[What you will do] Using the listing below, select the lines with the word "Light" and copy them.

-*-

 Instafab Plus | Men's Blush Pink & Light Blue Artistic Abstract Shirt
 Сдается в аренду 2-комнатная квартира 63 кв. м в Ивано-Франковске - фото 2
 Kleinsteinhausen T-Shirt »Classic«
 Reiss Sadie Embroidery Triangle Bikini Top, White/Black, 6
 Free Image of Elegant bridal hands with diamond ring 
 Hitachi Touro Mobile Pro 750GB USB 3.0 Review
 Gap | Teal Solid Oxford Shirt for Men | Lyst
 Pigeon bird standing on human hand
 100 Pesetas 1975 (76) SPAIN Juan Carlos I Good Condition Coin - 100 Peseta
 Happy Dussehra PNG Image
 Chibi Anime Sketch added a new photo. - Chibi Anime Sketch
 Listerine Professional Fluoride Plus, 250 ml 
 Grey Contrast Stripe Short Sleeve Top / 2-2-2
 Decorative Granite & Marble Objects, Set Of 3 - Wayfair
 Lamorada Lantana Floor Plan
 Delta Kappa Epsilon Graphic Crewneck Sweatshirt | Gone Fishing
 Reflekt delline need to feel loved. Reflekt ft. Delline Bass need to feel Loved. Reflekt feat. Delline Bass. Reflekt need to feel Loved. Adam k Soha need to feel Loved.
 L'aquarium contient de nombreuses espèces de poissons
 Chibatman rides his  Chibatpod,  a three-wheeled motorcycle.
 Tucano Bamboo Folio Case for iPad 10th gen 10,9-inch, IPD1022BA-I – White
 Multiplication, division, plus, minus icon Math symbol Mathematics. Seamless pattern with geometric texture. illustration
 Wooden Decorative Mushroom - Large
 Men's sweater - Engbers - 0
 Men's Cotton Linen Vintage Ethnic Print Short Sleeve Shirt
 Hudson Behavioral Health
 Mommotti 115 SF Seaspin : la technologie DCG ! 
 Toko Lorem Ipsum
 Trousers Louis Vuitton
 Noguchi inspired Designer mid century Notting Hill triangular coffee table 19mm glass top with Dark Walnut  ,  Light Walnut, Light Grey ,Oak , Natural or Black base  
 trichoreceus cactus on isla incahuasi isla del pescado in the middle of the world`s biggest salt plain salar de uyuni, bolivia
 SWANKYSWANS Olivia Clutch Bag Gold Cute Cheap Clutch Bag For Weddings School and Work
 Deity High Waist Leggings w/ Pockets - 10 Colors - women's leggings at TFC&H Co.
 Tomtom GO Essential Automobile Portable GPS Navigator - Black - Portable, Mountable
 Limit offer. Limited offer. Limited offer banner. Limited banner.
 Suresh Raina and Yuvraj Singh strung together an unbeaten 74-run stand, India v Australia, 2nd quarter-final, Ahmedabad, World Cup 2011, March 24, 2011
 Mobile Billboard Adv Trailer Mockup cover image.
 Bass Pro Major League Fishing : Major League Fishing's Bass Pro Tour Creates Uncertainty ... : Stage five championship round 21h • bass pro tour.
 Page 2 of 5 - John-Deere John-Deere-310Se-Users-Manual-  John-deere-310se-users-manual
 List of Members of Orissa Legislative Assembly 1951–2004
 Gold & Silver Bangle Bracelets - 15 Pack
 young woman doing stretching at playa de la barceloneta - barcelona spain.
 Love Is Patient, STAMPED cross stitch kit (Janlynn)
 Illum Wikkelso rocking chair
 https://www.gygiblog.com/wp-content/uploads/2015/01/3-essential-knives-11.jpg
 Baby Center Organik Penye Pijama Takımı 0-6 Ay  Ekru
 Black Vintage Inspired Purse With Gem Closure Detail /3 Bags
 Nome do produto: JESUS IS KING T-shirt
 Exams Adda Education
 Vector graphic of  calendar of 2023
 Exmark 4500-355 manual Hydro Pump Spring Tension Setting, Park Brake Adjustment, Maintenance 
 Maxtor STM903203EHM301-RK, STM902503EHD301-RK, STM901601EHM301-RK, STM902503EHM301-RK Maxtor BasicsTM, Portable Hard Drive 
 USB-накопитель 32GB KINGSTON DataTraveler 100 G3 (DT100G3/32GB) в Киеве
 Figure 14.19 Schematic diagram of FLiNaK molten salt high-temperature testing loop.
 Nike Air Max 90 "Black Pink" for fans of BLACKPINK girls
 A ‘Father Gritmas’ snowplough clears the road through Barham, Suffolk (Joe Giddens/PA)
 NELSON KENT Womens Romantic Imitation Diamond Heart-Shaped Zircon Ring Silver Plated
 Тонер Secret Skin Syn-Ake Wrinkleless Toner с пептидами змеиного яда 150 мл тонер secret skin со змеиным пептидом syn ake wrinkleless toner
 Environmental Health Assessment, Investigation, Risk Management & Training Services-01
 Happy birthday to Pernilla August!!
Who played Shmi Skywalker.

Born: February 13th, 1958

-*-

[Response]
 Instafab Plus | Men's Blush Pink & Light Blue Artistic Abstract Shirt
 Noguchi inspired Designer mid century Notting Hill triangular coffee table 19mm glass top with Dark Walnut  ,  Light Walnut, Light Grey ,Oak , Natural or Black base  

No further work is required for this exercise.